**The records**
★ ★ ★
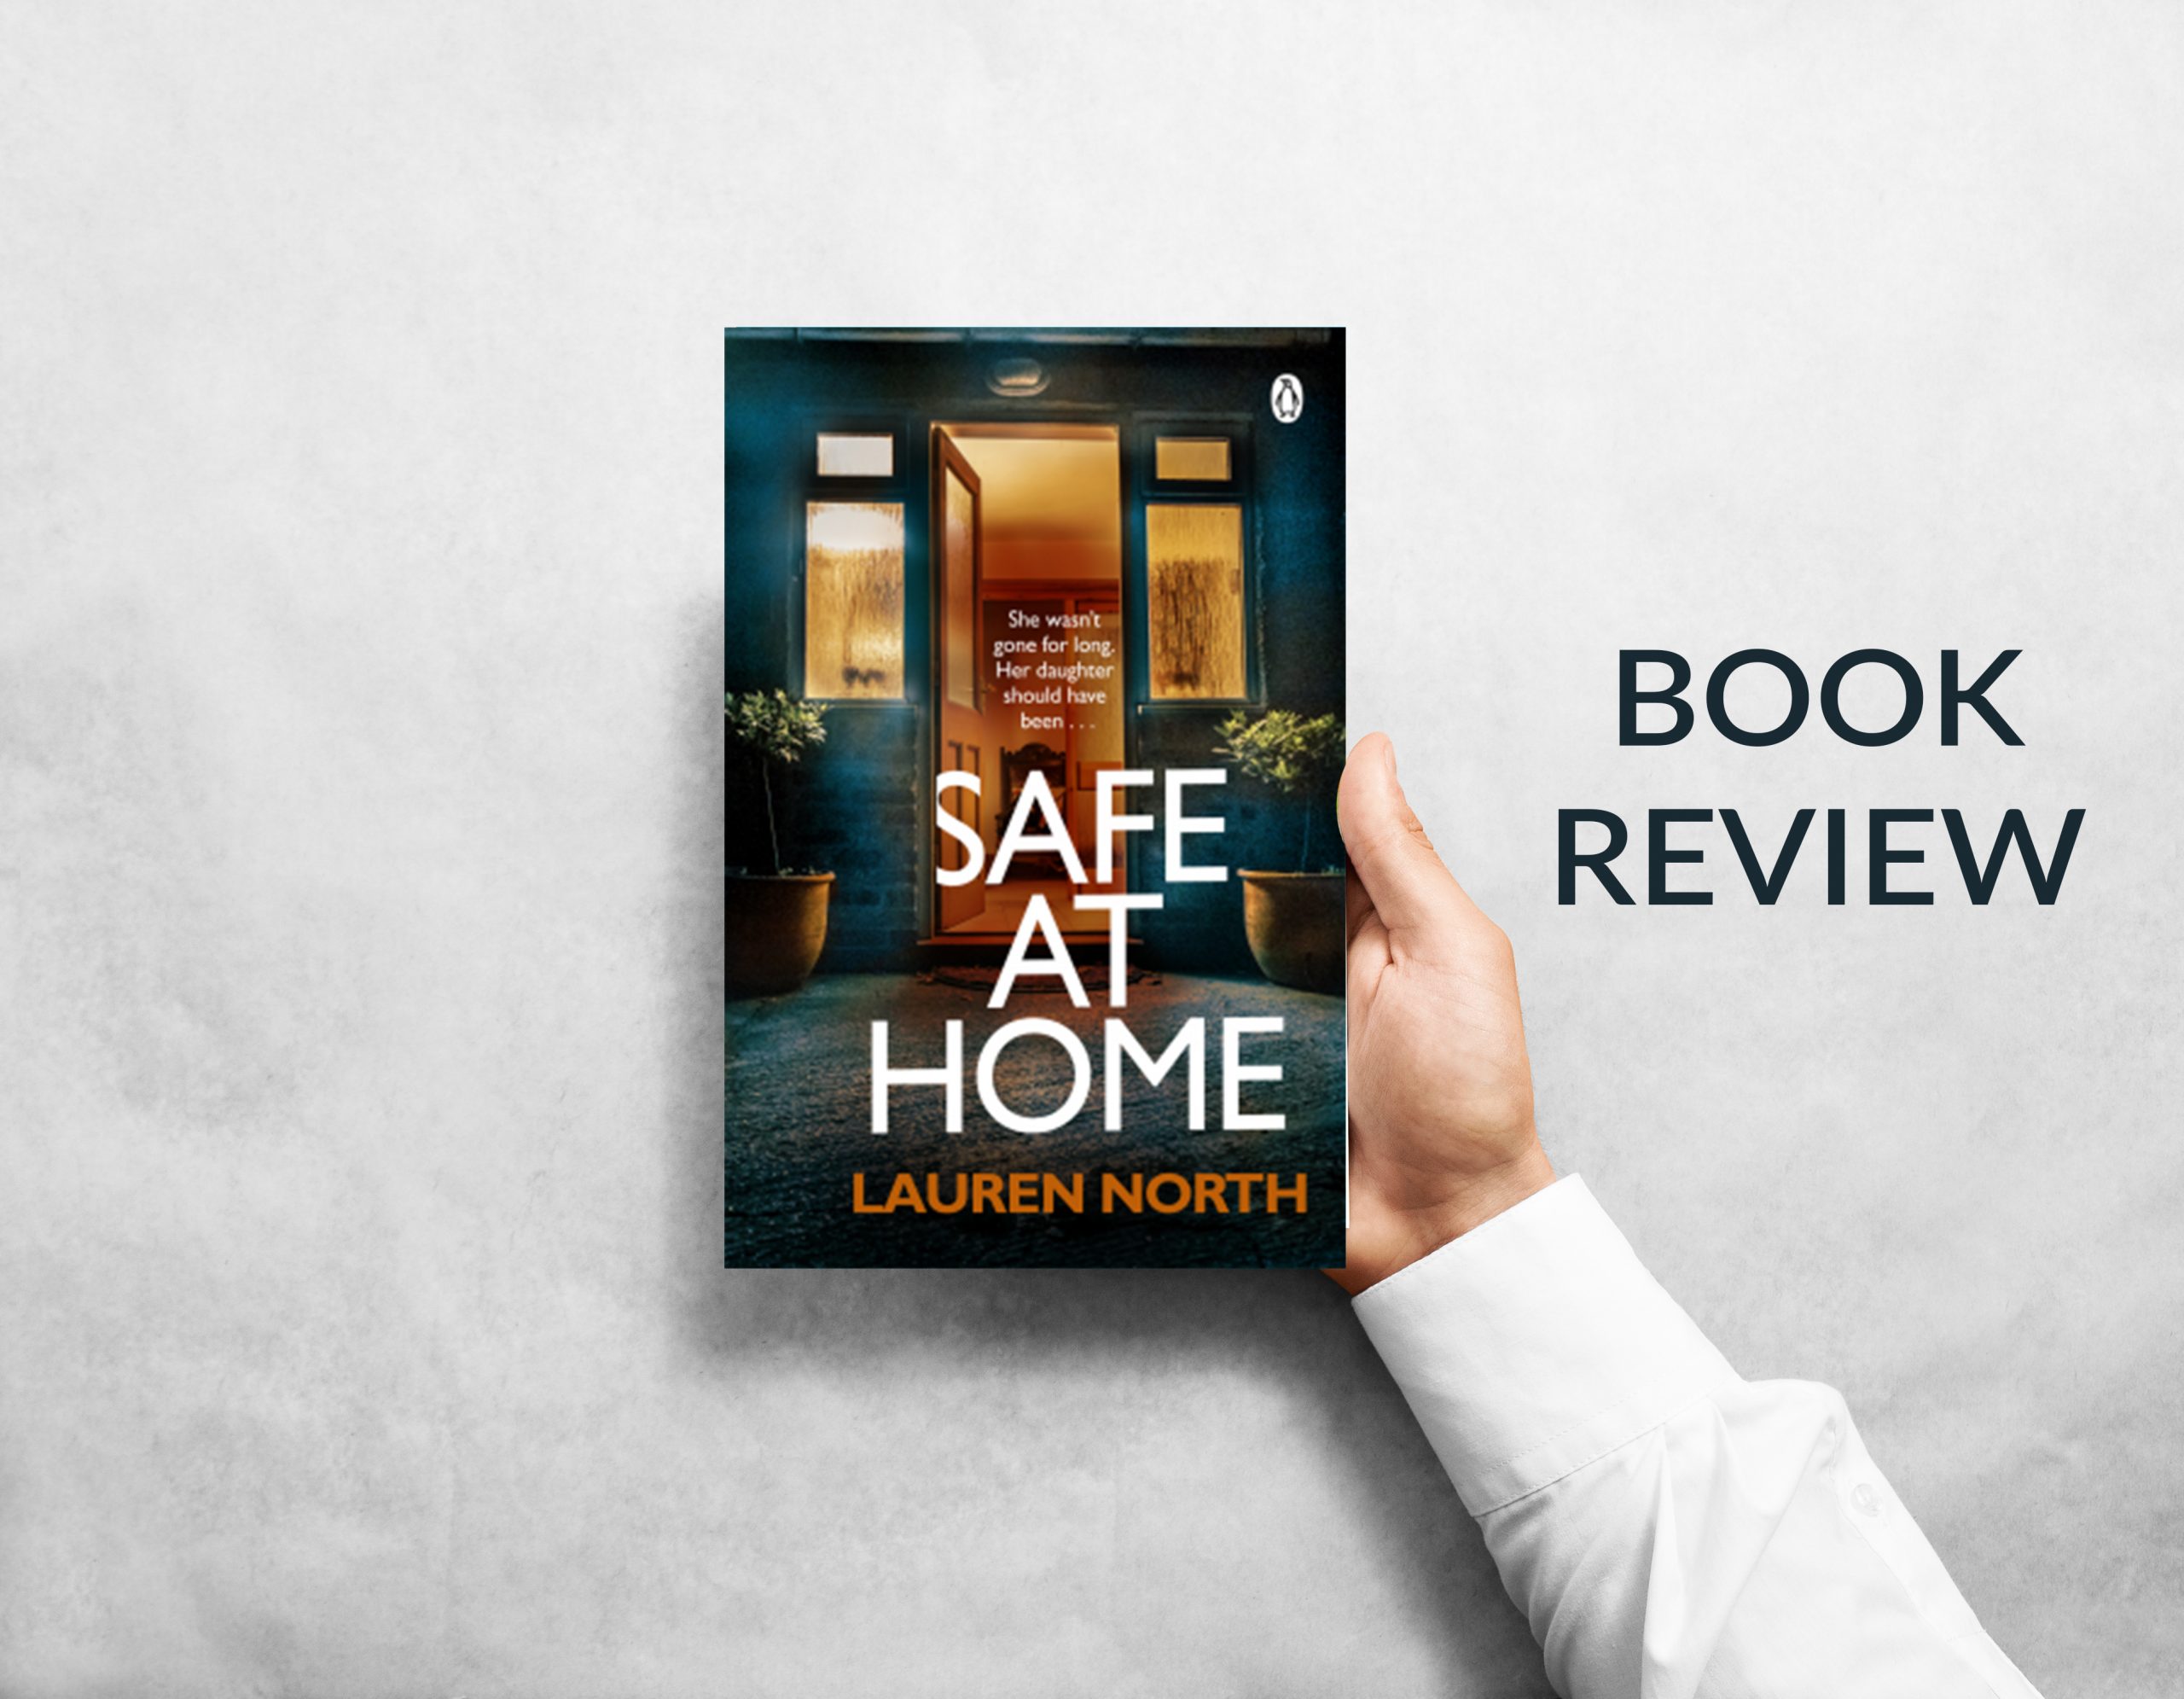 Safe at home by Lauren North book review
★ ★ ★
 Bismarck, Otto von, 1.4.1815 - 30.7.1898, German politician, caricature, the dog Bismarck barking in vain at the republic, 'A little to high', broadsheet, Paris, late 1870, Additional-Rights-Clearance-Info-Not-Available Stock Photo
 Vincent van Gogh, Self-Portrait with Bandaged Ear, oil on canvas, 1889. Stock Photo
★ ★ ★
**Problem**
Your response should be the lines of the entries above that include the string "Photo".

**Result**
 Bismarck, Otto von, 1.4.1815 - 30.7.1898, German politician, caricature, the dog Bismarck barking in vain at the republic, 'A little to high', broadsheet, Paris, late 1870, Additional-Rights-Clearance-Info-Not-Available Stock Photo
 Vincent van Gogh, Self-Portrait with Bandaged Ear, oil on canvas, 1889. Stock Photo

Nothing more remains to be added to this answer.